理由は、ふと思い出して積んでたゲームに手を出してしまった結果、綺麗にハマってしまったからです。命の火時計全部壊したら戻ってきます!
確率は収束する。
それは簡単に言うと、試行回数が増えれば結果が期待値に近づきやすい、という意味合いの言葉だ。
例えば……そうだな。
人生における、幸運と悪運の割合。
100年弱という長い時間は、それらを大体同じくらいにしてしまう……って言えばわかりやすいかな。
端的に言えば、「悪いことがあったら、きっとその分だけ良いことがあるよ」ってことね。
実際、私も初等部の頃まではだいぶアレな人生だったんだけど、中等部に入ってからはそれを取り返すくらいに一気に幸運が襲い掛かって来たわけで。
ミーク先輩と同室になり、歩さんと出会って、ネイチャやテイオーと同期になれて、ブルボンちゃんやライスちゃんたちとも出会えて……。
温かさを知った。走ることを楽しむことを知った。
生きることを知った。
……皆の温かさに、救われた。
これは、とても幸せなことだったと思う。
前世の私がそうであったように、何かに本気になる熱い気持ちも、全力で生きることも知らないまま、何となく生きて何となく死ぬ人だって多いはず。

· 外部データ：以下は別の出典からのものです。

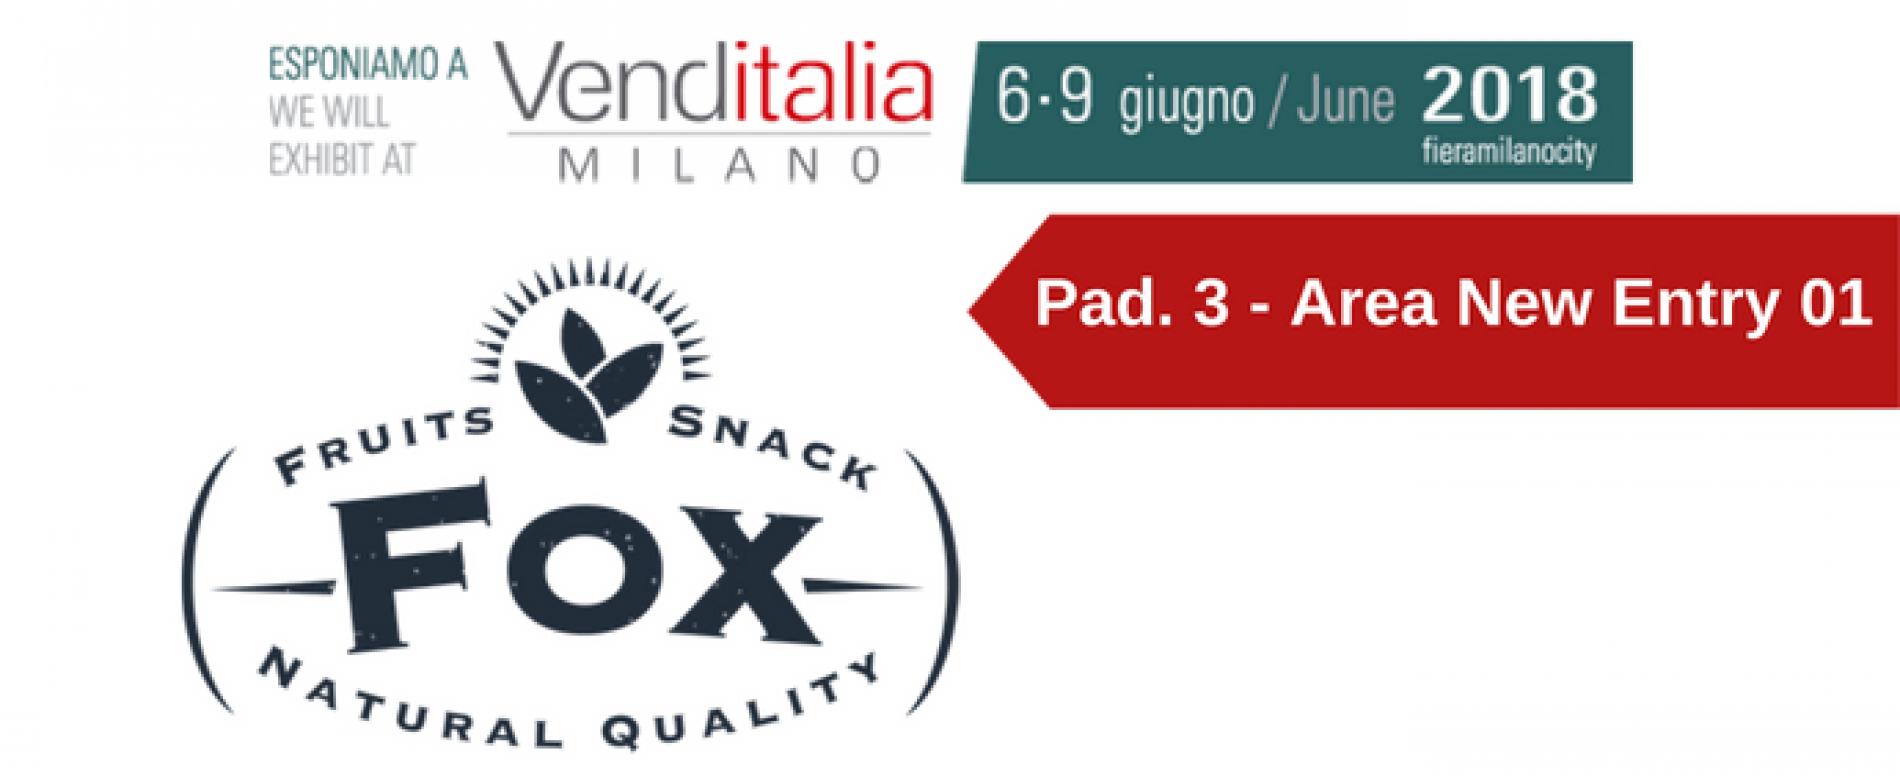 Venditalia 2018. Le novità di FOX ITALIA

私はそこから脱し、熱中できるものと、最高に楽しめるものを知ることができたんだ。
それはきっと、幸福なことなんだと思う。
確かに、幼少のアレは本当にキツい体験だった。今はもう受け入れてるけど、正直もう一度体験したいとは冗談でも言えない。
でも、それを乗り越えた先に、この生があったと考えれば……。
辛くて悲しい過去も、意味があったと思えるんだ。
だから、私は感謝している。
私を生んで、育ててくれたお母さんとお父さんに。
辛くとも、確かに私を形成してくれた過去に。
そして……幸せで温かい、今に。
……ちょっと話が逸れてしまったな。
そう、確率は収束するって話ね。
試行回数が増えれば、幸運と悪運の量は等しくなりやすい。
それはつまり……総合的に発生する幸運と悪運の量が等しくなると仮定すれば、良いことが起こるごとに悪いことが起こる可能性が高くなっていくことも意味する。
今日良いことがあれば、明日は悪いことがあるかもしれない……って考えるのは、ちょっと悲観的すぎるかもしれないけども。
まぁ、とんでもなく良いことがある日があれば、逆にとんでもなく悪いことが続く日もあるよねって話。
つまるところ……今日はそういう、悪運の日だったんだろう。
* * *
今日は、とにかく運のない日だったと思う。
歩さんは朝からURAの本社に行っているらしく不在で、トレーニングスケジュールの確認などは全て昌さんが代行していた。
……いや、昌さんが嫌いなわけじゃないよ? むしろその真面目さは好きの部類に入るんだけど……やっぱり好きな人に会えないっていうのは、ちょっと寂しくなっちゃうよね。
更に、寮の私室と並んで、私が最もくつろげる空間であるトレーナー室。
なんとこれに改修が入るとのことで、今日の間は立ち入り禁止らしい。
歩さんと出会って以来2年の間、改修とか入った記憶なかったし、まぁそういうタイミングもあるよね。
むしろ私たちがちゃんと暮らせるよう、改修工事してくれる業者さんには感謝しなきゃいけない。
でもさ、いつも使ってた部屋が使えないのは、やっぱり残念だよ。落ち着ける場所がないのは、ちょっと精神的に疲れるし。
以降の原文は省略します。